# Problem
Your answer should be every line with the word "Light", copied from the data below.

# Materials provided
== == ==

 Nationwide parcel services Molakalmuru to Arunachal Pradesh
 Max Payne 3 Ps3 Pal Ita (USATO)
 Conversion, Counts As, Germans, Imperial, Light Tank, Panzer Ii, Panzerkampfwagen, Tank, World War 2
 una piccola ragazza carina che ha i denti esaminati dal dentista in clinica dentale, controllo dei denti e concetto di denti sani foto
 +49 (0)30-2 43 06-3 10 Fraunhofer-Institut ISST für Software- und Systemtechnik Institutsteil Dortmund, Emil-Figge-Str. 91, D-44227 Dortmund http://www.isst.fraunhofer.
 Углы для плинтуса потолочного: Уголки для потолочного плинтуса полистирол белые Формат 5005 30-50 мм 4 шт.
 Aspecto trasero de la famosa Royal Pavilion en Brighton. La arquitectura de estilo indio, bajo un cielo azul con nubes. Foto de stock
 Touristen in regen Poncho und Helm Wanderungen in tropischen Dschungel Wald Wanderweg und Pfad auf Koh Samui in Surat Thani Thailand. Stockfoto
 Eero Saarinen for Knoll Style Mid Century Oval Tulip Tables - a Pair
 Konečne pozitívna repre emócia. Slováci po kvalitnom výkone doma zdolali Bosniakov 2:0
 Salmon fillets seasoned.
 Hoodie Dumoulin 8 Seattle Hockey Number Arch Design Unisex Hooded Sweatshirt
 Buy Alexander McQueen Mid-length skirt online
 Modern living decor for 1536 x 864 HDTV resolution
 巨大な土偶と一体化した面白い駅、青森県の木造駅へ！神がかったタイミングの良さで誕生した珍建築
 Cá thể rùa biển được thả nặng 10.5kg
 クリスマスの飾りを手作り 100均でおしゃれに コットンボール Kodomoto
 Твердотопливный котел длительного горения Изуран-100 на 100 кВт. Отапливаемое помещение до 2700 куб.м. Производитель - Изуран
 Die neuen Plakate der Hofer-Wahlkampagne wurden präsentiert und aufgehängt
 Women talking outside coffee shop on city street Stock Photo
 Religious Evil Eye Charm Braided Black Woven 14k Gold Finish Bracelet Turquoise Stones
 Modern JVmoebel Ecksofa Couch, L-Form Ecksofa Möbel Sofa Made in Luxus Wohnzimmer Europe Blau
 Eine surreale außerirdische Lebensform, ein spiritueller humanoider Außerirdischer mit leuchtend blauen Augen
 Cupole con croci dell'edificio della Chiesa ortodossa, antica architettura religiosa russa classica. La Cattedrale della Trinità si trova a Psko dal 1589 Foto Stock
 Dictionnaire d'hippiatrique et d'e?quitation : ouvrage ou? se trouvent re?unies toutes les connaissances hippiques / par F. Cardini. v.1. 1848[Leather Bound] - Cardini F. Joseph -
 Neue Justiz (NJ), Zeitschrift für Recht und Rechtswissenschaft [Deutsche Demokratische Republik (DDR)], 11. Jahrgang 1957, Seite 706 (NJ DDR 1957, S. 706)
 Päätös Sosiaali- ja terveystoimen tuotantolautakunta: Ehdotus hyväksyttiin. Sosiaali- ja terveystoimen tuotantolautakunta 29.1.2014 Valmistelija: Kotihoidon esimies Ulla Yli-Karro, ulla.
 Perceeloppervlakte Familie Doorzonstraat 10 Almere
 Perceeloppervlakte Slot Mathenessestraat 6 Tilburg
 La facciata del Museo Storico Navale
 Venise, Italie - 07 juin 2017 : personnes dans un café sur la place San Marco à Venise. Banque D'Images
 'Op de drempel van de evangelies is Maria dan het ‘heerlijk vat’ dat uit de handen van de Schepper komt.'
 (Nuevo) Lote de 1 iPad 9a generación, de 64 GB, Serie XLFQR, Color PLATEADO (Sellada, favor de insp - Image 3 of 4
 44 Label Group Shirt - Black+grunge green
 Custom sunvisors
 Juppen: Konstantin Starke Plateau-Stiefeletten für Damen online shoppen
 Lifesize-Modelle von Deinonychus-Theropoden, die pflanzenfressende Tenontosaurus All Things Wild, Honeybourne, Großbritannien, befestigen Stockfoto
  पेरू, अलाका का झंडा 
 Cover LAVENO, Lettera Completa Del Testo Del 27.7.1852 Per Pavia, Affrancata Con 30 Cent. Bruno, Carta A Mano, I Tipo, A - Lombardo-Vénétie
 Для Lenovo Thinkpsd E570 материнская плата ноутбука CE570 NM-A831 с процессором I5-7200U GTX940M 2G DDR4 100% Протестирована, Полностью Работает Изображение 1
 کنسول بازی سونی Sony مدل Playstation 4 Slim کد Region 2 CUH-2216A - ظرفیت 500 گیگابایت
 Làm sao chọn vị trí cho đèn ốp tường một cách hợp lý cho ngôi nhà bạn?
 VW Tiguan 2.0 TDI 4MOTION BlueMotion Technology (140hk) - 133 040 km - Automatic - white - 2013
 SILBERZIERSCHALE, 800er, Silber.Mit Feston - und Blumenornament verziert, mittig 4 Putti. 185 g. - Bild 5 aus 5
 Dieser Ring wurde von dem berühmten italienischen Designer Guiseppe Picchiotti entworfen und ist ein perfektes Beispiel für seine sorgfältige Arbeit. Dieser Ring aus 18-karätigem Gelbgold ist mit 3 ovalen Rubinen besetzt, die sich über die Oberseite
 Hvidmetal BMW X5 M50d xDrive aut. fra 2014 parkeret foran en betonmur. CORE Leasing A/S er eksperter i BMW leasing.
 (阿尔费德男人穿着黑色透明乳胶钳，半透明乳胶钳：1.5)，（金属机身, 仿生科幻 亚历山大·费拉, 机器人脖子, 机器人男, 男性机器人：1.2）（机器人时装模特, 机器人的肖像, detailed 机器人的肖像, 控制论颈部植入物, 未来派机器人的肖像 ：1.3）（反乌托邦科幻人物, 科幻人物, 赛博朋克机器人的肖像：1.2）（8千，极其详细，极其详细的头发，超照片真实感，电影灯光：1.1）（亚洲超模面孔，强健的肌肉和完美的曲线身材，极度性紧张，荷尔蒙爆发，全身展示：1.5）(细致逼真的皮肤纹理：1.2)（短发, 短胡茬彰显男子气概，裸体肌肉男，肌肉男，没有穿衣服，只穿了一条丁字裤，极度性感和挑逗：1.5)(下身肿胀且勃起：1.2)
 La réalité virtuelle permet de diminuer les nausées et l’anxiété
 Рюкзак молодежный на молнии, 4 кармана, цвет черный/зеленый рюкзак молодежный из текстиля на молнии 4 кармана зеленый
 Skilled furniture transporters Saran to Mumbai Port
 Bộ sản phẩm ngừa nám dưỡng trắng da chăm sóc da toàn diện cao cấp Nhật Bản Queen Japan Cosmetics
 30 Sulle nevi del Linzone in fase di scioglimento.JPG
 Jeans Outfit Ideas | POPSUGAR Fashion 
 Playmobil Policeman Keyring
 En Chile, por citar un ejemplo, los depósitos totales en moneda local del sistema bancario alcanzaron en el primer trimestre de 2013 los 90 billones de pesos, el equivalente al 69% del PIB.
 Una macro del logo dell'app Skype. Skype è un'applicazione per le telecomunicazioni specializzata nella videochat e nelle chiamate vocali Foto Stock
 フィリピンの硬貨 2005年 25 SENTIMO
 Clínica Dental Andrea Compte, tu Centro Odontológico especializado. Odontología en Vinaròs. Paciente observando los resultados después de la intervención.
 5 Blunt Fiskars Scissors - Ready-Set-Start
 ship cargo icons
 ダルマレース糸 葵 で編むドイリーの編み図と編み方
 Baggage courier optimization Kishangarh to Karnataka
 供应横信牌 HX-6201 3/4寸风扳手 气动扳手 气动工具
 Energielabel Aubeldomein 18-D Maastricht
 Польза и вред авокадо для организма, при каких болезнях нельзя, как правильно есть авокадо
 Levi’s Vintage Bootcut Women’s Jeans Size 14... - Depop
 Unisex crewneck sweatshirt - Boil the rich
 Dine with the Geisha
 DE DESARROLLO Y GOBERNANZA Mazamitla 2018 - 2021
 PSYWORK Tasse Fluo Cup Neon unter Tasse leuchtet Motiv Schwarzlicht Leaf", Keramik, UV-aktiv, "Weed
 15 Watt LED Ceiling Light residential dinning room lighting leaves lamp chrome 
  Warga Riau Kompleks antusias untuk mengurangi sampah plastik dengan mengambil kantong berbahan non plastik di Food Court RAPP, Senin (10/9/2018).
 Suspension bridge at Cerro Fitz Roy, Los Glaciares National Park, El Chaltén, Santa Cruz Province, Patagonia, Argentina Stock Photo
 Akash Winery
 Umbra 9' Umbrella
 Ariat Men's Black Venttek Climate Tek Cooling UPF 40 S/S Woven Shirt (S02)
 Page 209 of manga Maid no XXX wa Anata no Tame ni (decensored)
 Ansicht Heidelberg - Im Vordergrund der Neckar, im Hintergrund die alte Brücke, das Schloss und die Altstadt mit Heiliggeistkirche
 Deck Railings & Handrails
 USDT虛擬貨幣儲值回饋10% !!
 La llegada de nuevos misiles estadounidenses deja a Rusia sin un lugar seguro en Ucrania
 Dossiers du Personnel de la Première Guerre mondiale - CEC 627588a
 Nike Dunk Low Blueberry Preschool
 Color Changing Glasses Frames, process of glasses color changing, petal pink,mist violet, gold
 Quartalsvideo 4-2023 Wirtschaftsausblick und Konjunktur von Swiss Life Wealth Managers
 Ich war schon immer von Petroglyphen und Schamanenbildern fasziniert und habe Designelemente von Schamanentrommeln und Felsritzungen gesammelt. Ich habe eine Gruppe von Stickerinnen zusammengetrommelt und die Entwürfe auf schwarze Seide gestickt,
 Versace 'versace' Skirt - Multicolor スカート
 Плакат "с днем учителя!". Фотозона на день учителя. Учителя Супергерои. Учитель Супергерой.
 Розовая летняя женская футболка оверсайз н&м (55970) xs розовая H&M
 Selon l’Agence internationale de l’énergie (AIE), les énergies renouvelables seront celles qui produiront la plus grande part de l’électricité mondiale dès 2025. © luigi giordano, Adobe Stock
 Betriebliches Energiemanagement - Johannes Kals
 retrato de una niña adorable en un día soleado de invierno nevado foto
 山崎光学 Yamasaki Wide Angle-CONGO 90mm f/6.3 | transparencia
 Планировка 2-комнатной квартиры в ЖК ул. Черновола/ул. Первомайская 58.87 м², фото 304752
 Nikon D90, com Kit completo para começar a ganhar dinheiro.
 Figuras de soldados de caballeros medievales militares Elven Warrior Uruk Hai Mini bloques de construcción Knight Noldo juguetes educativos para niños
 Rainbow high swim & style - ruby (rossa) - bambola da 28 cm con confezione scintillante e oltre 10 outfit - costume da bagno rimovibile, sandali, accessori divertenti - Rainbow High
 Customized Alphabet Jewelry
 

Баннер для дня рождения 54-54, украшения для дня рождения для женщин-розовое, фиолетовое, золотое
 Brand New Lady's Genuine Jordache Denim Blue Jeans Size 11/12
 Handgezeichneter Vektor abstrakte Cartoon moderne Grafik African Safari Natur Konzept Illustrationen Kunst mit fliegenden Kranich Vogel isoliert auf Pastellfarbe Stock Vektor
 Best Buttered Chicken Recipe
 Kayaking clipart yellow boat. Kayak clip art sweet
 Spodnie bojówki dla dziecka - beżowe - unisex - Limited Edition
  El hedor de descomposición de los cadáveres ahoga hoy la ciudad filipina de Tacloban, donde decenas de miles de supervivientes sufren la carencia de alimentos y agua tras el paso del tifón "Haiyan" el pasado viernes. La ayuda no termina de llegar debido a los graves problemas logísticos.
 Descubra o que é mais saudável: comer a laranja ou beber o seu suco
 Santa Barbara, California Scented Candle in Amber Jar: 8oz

== == ==

# Exercise output
 Conversion, Counts As, Germans, Imperial, Light Tank, Panzer Ii, Panzerkampfwagen, Tank, World War 2
 15 Watt LED Ceiling Light residential dinning room lighting leaves lamp chrome 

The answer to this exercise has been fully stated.